Influence of irradiation intensity on corrosion properties of microarc oxidation film on AZ31 magnesium alloy with HIPIB

The purpose of this paper is to investigate the effect of high-intensity pulsed ion beam (HIPIB) intensity on the structure and corrosive properties of microarc oxidation (MAO) films on AZ31 magnesium alloy and explore the mechanism for modified anti-corrosion properties of irradiated films.

The energy deposited on the coating surface influences the remelting process of the MAO coatings significantly, which was closely related to the intensity of HIPIB; therefore, HIPIB with various intensities of 100-350 A/cm², was selected to modify the MAO films on AZ31 magnesium alloy. The changes in film structure and phase structure of modified films were characterized by scanning electron microscopy and X-ray diffractometry (XRD) with CuKα, respectively.
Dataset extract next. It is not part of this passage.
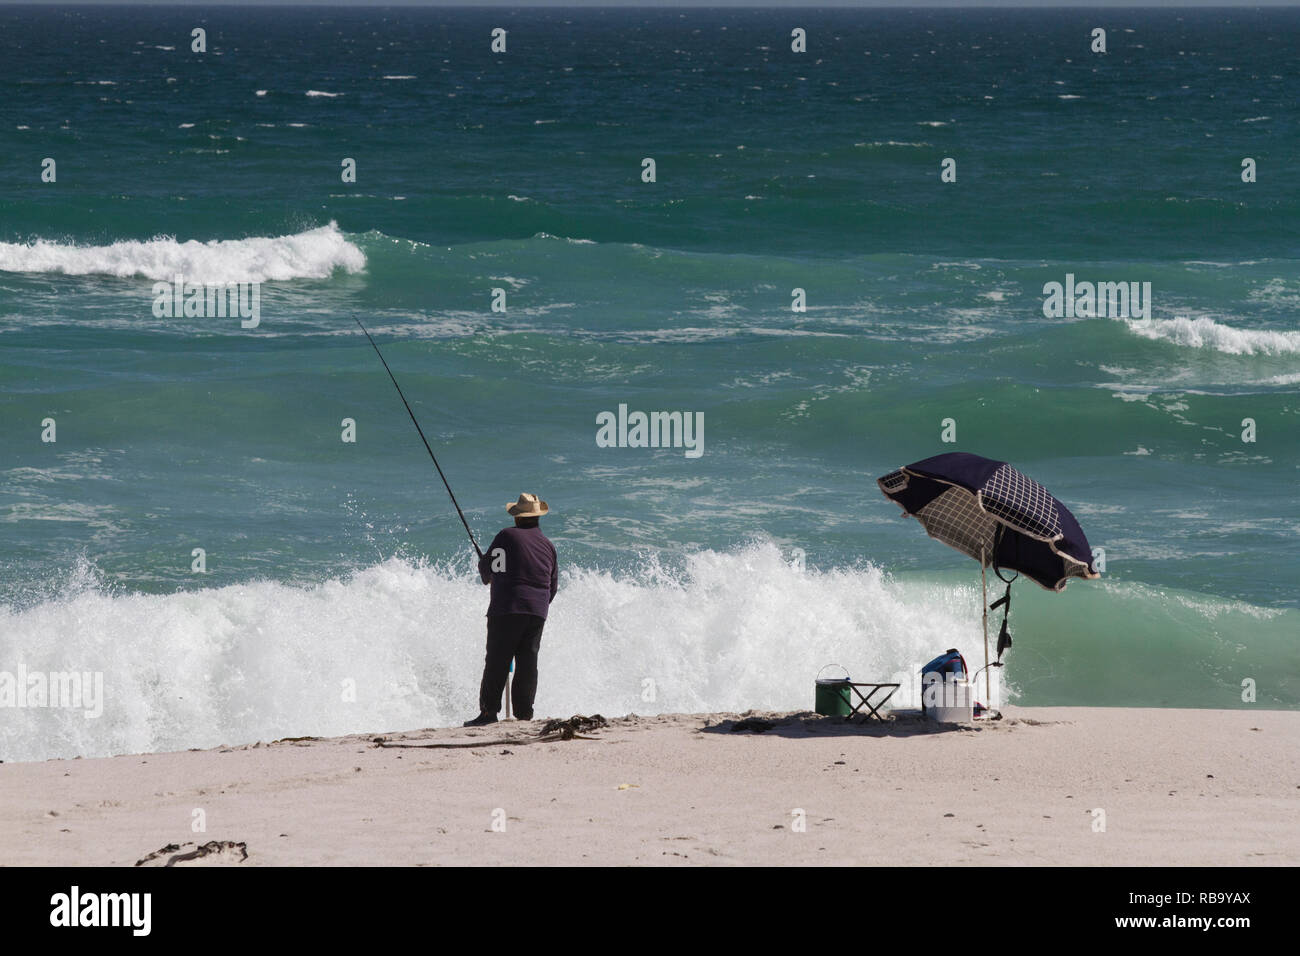 Fisherman on the beach, next to umbrella Stock Photo

The corrosive behavior of the MAO films was featured with polarization curves and electrochemical impedance spectrum in 3.5 per cent NaCl solution on a PAR 2273 electrochemical workstation.

The results clearly show that a dense, continual and remelted layer with a few micrometers in thickness was obtained on the irradiated surface at 200 A/cm², which are mainly responsible for the modified and optimal anti-corrosion property of MAO films by suppressing/retarding the process of the corrosive electrolyte infiltration into magnesium substrate surface.

The paper reveals that HIPIB irradiation could modify the corrosion resistance by producing a remelted compact layer on the MAO film surface at a suitable irradiation parameter and explored the modified mechanism of MAO films.